Monday, September 10, 2018

Assisted Solo review: An affectionate and surreal dance about elderly care

Philip Connaughton's absorbing new production features an appearance by his mother, who suffers from dementia. Photo: Ste Murray 


Project Arts Centre (Upstairs), Dublin Fringe Festival 
Sep 8-15

My review of Assisted Solo by Philip Connaughton coming up just as soon as my ex-boyfriend is a gynaecologist ...


Three dancers, stunning and knowing, extend and step as if invisible to each other. So begins Company Philip Connaughton’s absorbing new production about perfection, in which the choreographer’s radiant mother Madelaine, a woman suffering from advanced dementia, appears on film.

Choreographed in collaboration with the company, Connaughton’s own solo sees him spin elegantly one second and cheekily wag his finger the next. Comic touches lighten a serious subject, as if in a stealthy tragicomedy.

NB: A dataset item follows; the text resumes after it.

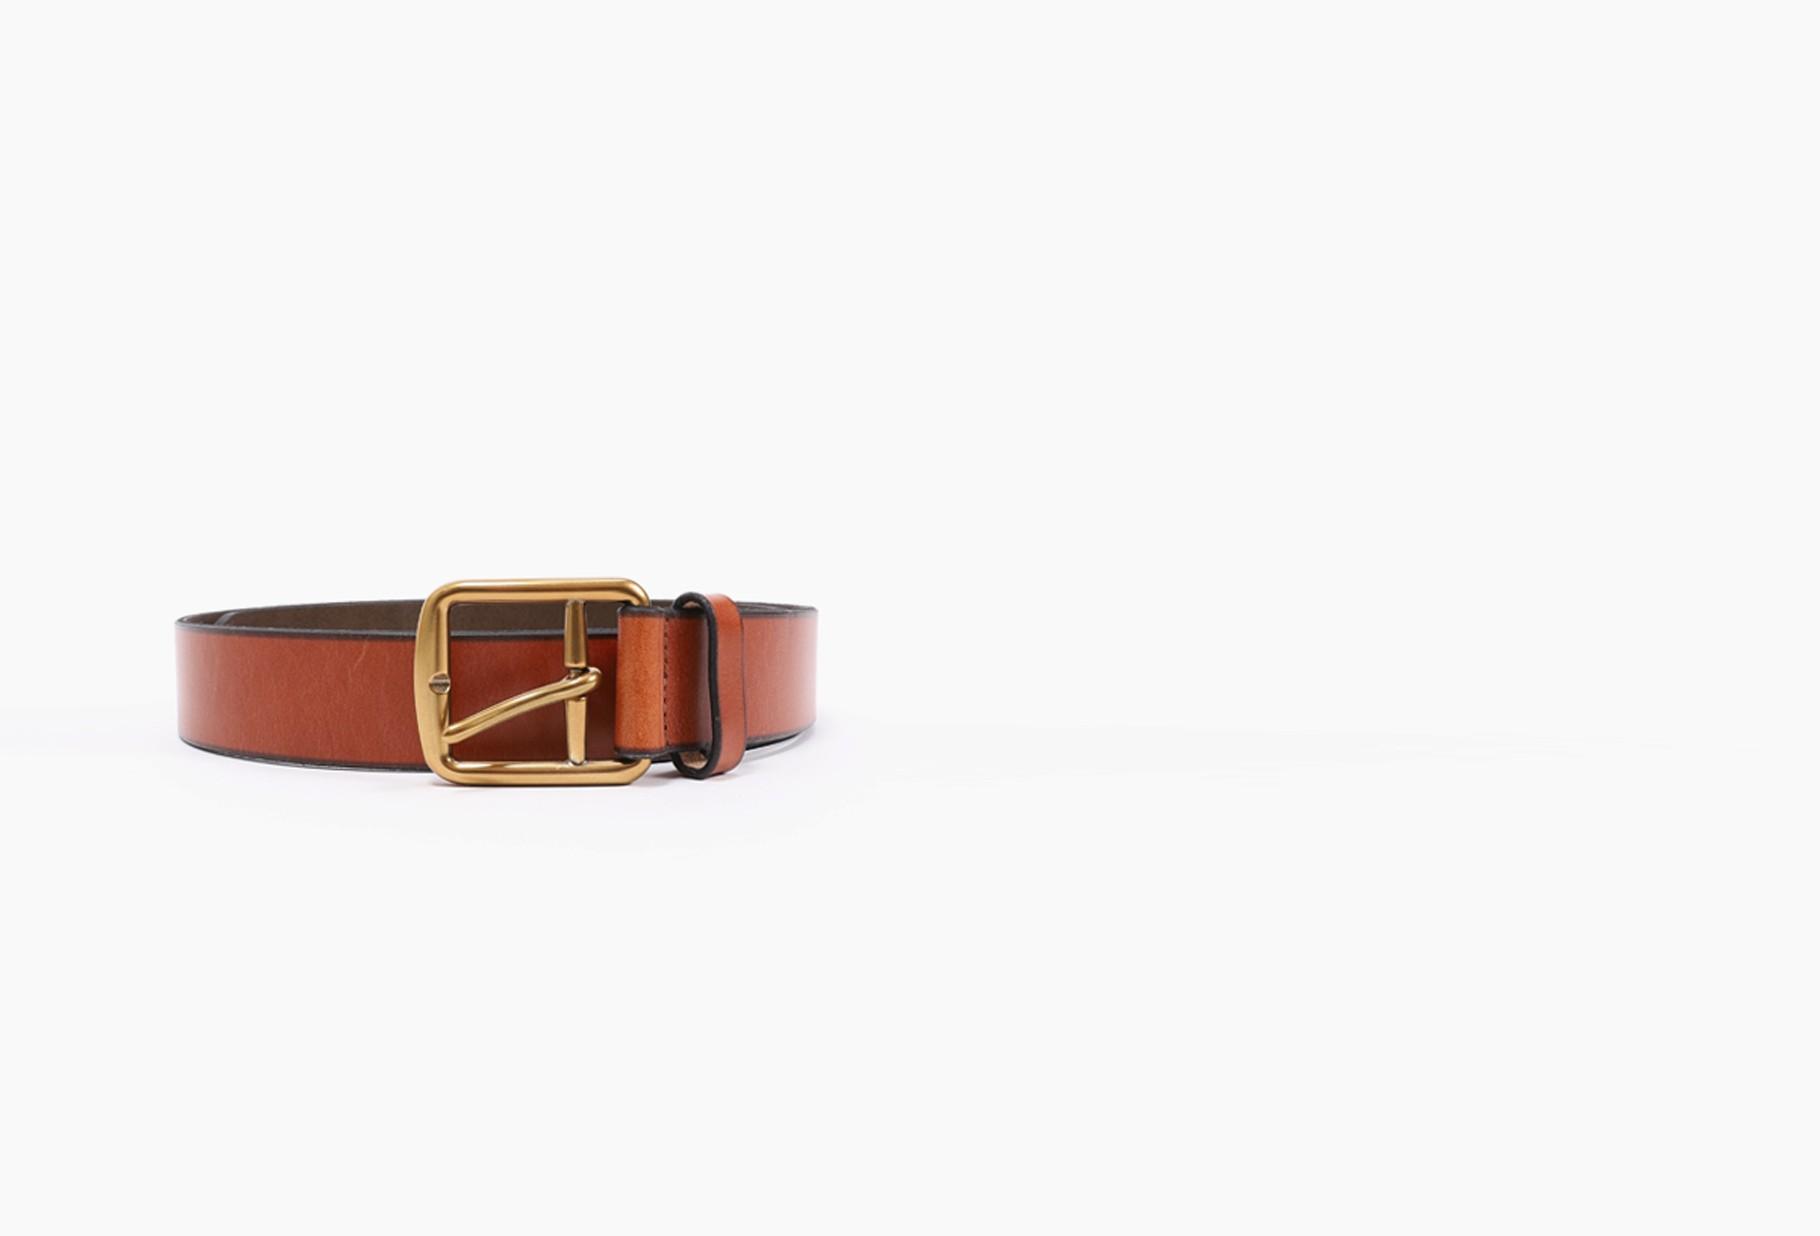 POLO RALPH LAUREN / 3/8 saddlr dress leather Brown

Dissonance may be slyly present at first, in the conflict patterns of Emily NĂ­ Bhroin’s excellent costuming, but it’s eventually domineering, in an aching solo by Magali Caillet-Gajan that is at once resolute and confused, ending with her trapped by ordinary objects. Everyday life is transformed into something more difficult.  

In humorous and absurd leaps, Connaughton’s production shows a gay man’s sexual fantasies (Lucia Kickham creates a grinning life-size Popeye) interrupted by new duties looking after his mother. His movement shows added signs of pressure. 

Though it feels over-choreographed in parts, this affectionate and surreal dance about elderly care challenges perceptions about the ageing body. “Would you like to dance?” someone asks Madeline. All that's needed is someone to show the way.